Маяковский поэт движения, динамики, вихря. Для него с 1910 года, с самых первых его стихов, все куда-то несется и скачет. Эта скачка массивных вещей — излюбленный прием у Маяковского. Все его образы стремятся к высшей моторности, к акции. Он положительно не способен изобразить что-нибудь устойчивое, спокойное, тихое. Теперь у него на каждой странице:
— Париж был вырван и вытоплен в бездне.
— Взъярился Нил… и потопла в нем… Африка.
— Улицы льются, растопленный дом низвергается на дом… Весь мир… льется сплошным водопадом.

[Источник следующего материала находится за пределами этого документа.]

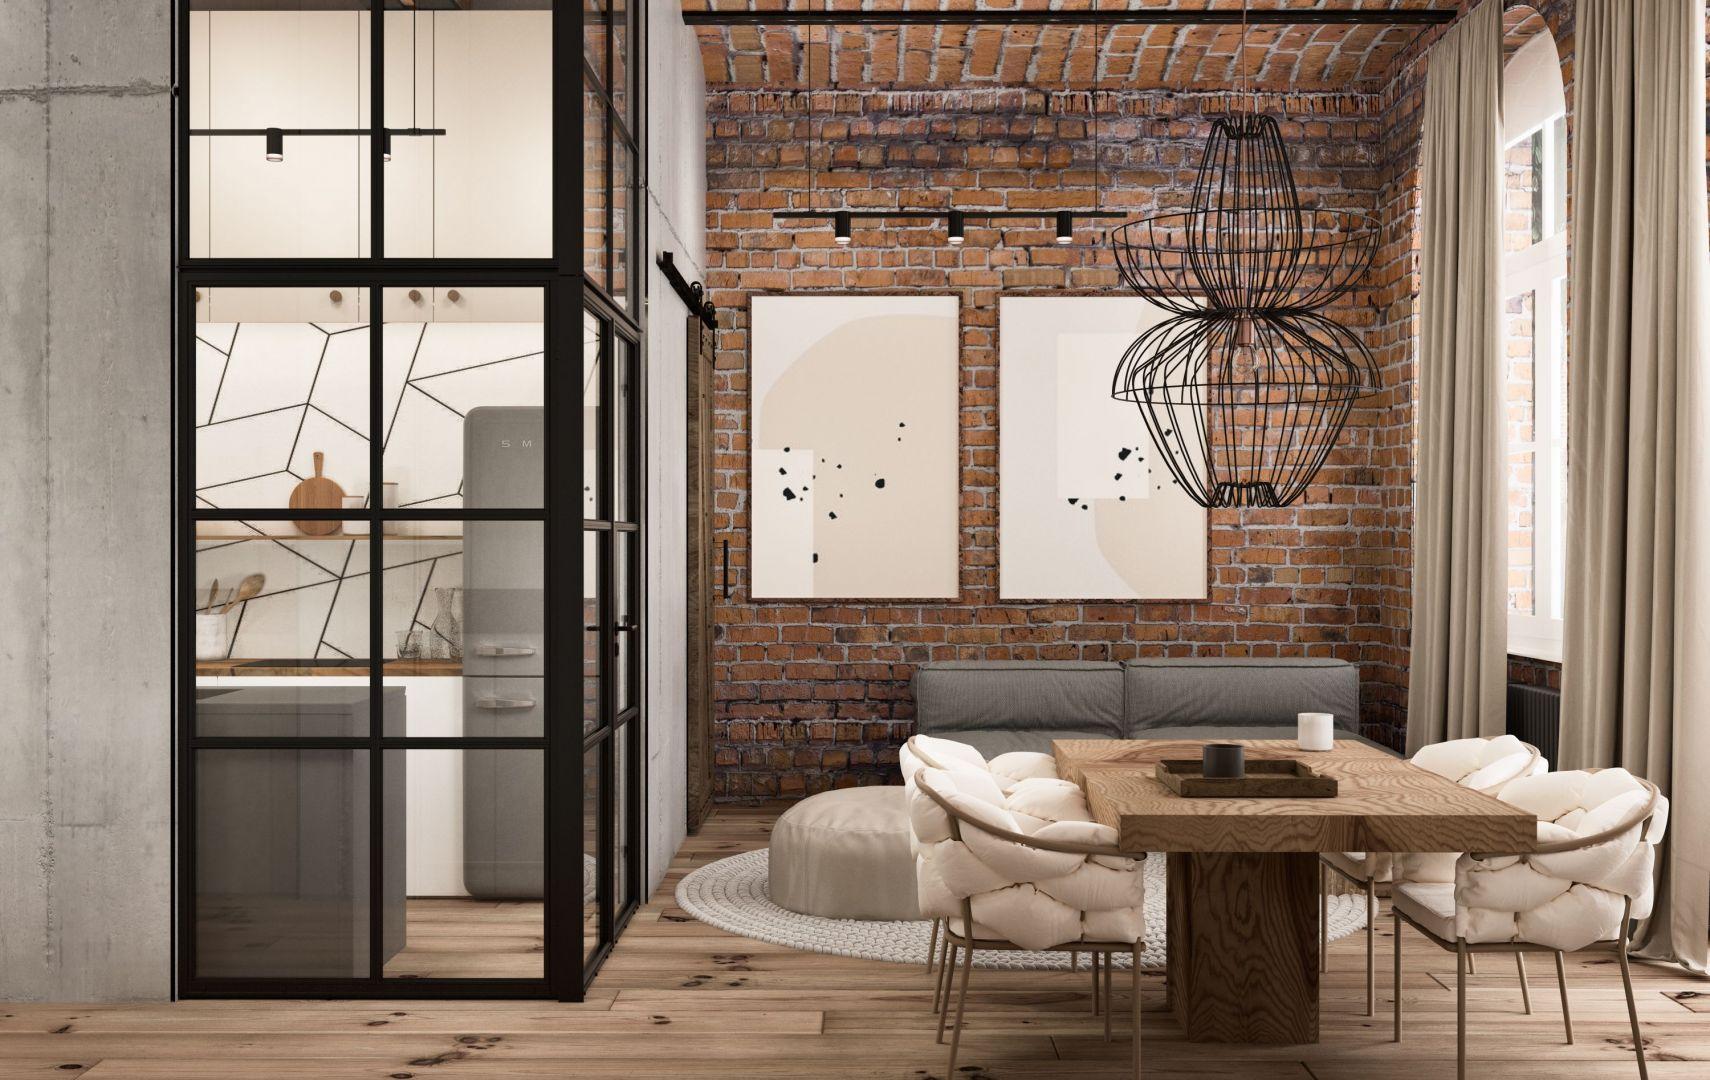 Wyłożona cegłą ściana nadaje wnętrzu unikatowy, loftowy klimat. Projekt Nowa Papiernia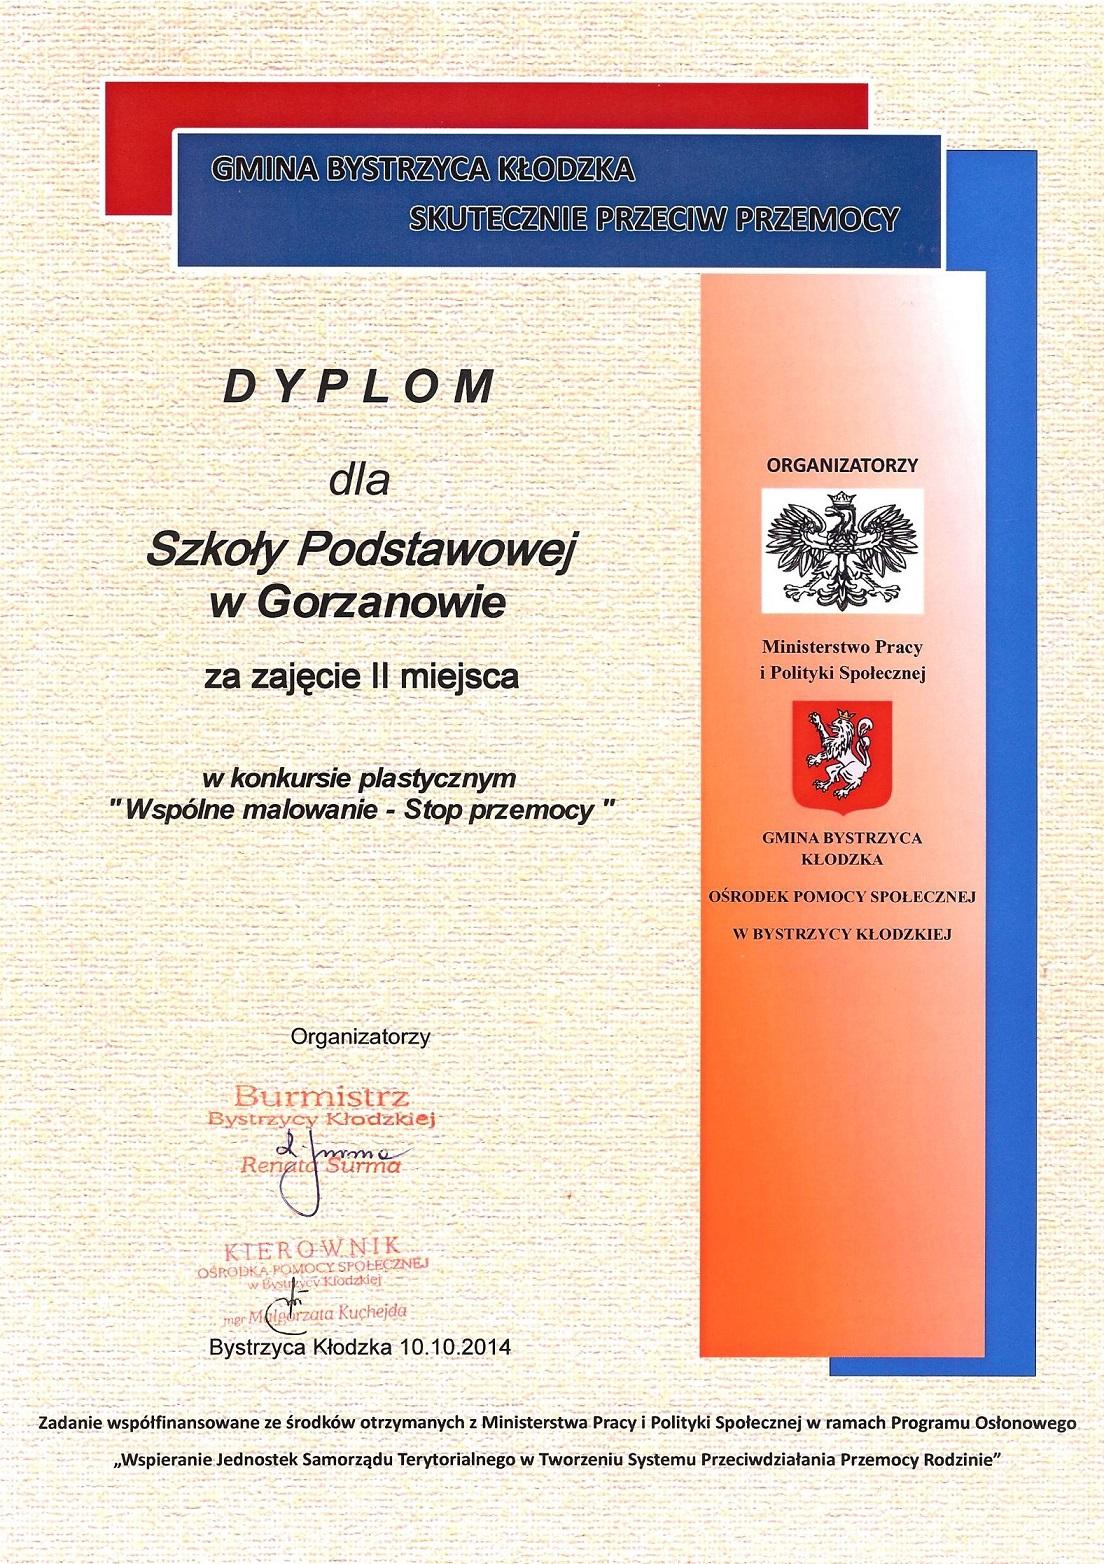 2014.10.14. Dyplom_Konkurs_Plastyczny_Wspólne malowanie

Даже солнце у него бегает по небу:
— Металось солнце, сумасшедший маляр.
Изображая это катастрофическое сотрясение вселенной, он, естественно, чувствует себя каким-то безумцем, которого это зрелище доводит до транса:
— Я уже наполовину сумасшедший! — восклицает он в одном стихотворении.
— Это мысли сумасшедшей ворохи, — восклицает в другом.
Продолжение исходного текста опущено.